Шрифт:
"Дать бы ей выспаться, - подумал Карташев, - и подольше бы не присылали телеграмм сегодня".
День обещал быть дождливым. Все небо заволокло ровною серою пеленою, и только при восходе солнца там на востоке прорвалась на мгновение эта пелена, и, из-под нее выглянув печально, солнце опять скрылось.
Скоро стал накрапывать мелкий ровный дождик, и точно спустилась на всю округу мокрая, серая, однообразная пелена.
Иногда дождь переставал и опять принимался, такой же однообразный, тихий и ровный.
– Теперь, пожалуй, - говорил Тимофей, - и ни к чему уж он. Разве вот для озимей перед севом... ну, корму прибавится...
– Н-да, - соглашался Карташев, продолжая испытывать смущение при Тимофее.
На отрогах далеких холмов и невысоких гор показался лес.
– Вот и наш лес, - показал рукой Тимофей туда, где, борясь с дождем, поднималась синяя струйка дыма, - может, кипяченая вода будет, чаю напьемся.
Подъехали к лесу, привязали лошадей и пошли на просеку. Дождь опять перестал. На только что срубленных мокрых деревьях дрожали крупные капли воды, пахло сыростью, свежим лесом, пахло дымом, и ярче вспоминалась ночь, луна, телеграфистка.
Оказался и кипяток, сварили чай и напились.
Карташев в первый еще раз был в настоящем лесу, в первый раз видел, как его рубят, как выделывают из него годный для постройки материал. Он осмотрел работы, одобрил все, дал дровосекам на водку и уехал напрямик к концу дистанции.
Дорожка прихотливо вилась между полями поспевавших кукурузы, пшеницы, овса. Румынка бодро бежала, а Карташев сидел, смотрел из-под своего капюшона и все не мог оторваться от воспоминаний прошедшей ночи. Иногда сердце его особенно сжималось, и становилось весело и легко на душе.
На конце дистанции, в наскоро сколоченных балаганах, жил рядчик Савельев с артелью рабочих человек в сорок. Он копал земляное полотно на двух последних верстах и должен был рыть нагорную канаву, которую хотел сегодня разбить Карташев.
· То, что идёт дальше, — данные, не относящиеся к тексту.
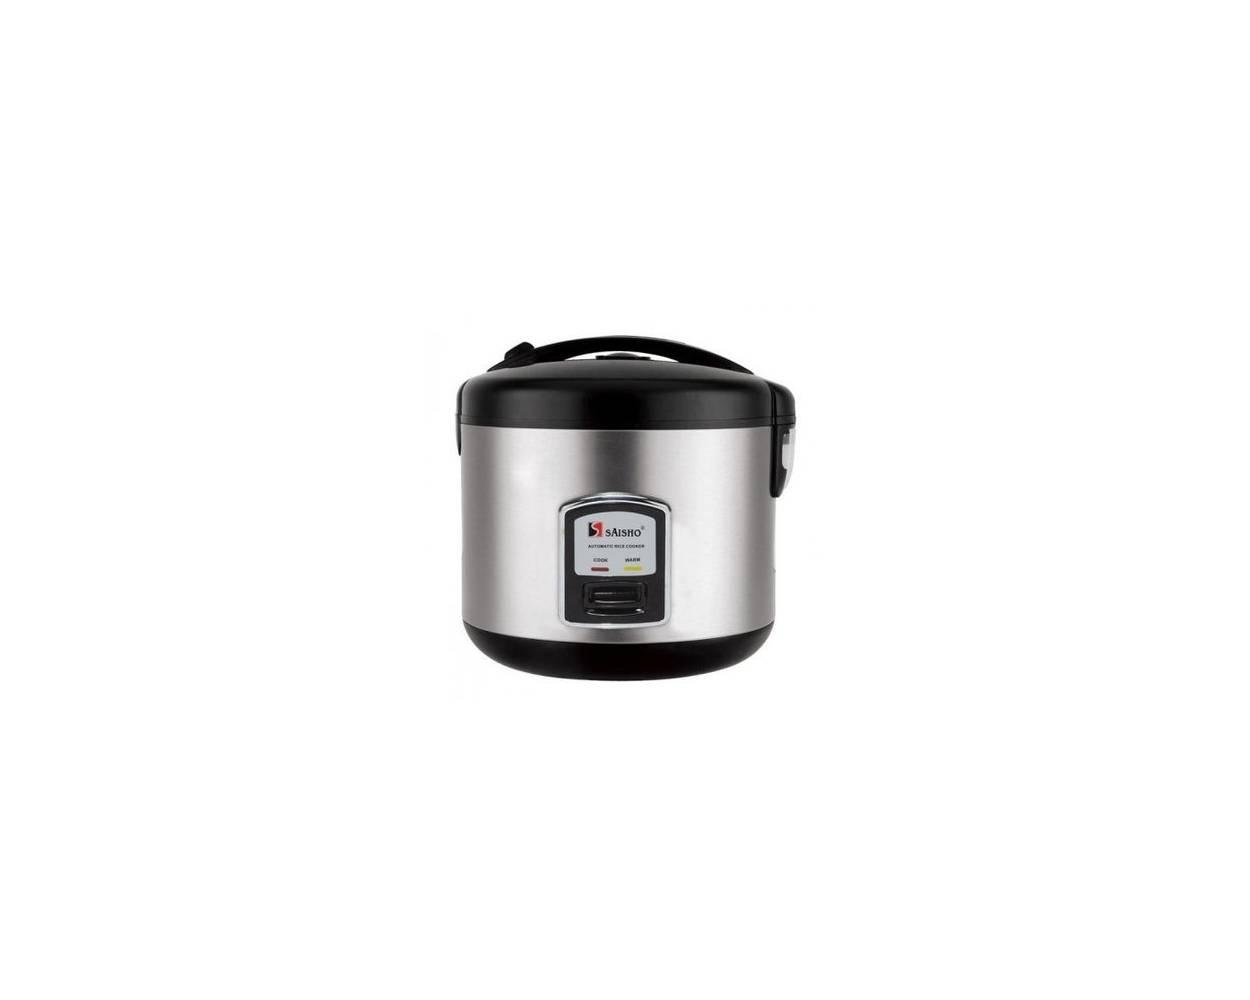 SAISHO S-406 Rice Cooker

Подъехав к навесам, Каргашев привязал лошадь, подвязал ей торбу с овсом и пошел к главному балагану.
По случаю дождя работы не было. Вышел маленький, кудрявый, средних лет рядчик Савельев и почтительно поклонился.
– Я приехал вам канаву разбить.
– Очень даже приятно. И если бы, к примеру сказать, вчерась намеревались приехать, сегодня с утра бы уже ребята принялись бы за работу.
Окончив разбивку, Карташев возвратился и, так как Румынка еще не кончила своего овса, присел под навесом, где была устроена для рабочих столовая: вкопанные в землю козлы, покрытые досками. Тут же недалеко, под низким навесом, была устроена кухня, горел огонь и несся аппетитный пар из двух котлов, около которых, засучив высоко рукава, хлопотала молодая, здоровая русская баба.
Карташеву тоже захотелось поесть, но он стеснялся, считая это несовместным с его служебным положением и думая в то же время, что бы сказали этот рядчик и рабочие, если бы знали, как провел он эту ночь. И теперь ему было уже неприятно воспоминание об этой ночи.
– Не желаете ли, господин начальник, - вкрадчиво-ласково заговорил рядчик, прерывая мысли Карташева, - съесть чего-нибудь: вареного мяса можно, косточку с мозгом, а то и щец.
И мясо и щи, а особенно кость с мозгом вызвали сразу усиленное выделение слюны у Карташева, но, не колеблясь, он ответил:
– Нет, благодарю вас...
– А то, может быть, сала поджарить кусочек.
Это было уже выше сил Карташева, и пока он боролся с собой, Савельев уже крикнул:
– Матрена, живей, поджарь-ка сала.
– Вы, русские, разве тоже едите сало? - спросил Карташев. - Я думал, что только мы, хохлы...
– Хорошее везде хорошо, господин начальник.
– Вы сами что ж не присядете?
– Покорно благодарю, господин начальник, - ответил Савельев и, после настойчивых повторений, присел наконец на самый край скамьи и снял шапку.
Матрена принесла горячую сковородку с подрумяненными на ней розоватыми кусками шипящего малороссийского сала. Затем она принесла несколько ломтей полубелого хлеба и ласково сказала:
– Кушайте на здоровье.
Было это как-то особенно сочно сделано, а Карташев, вспомнив обряд простого народа, снял шапку, положил ее рядом на скамью и перекрестился.
– А вы разве не будете есть? - спросил Карташев.
– Нет, уж позвольте с народом; уж такой порядок у нас...
Карташев принялся за сало и ел его за оба уха, как говорят хохлы.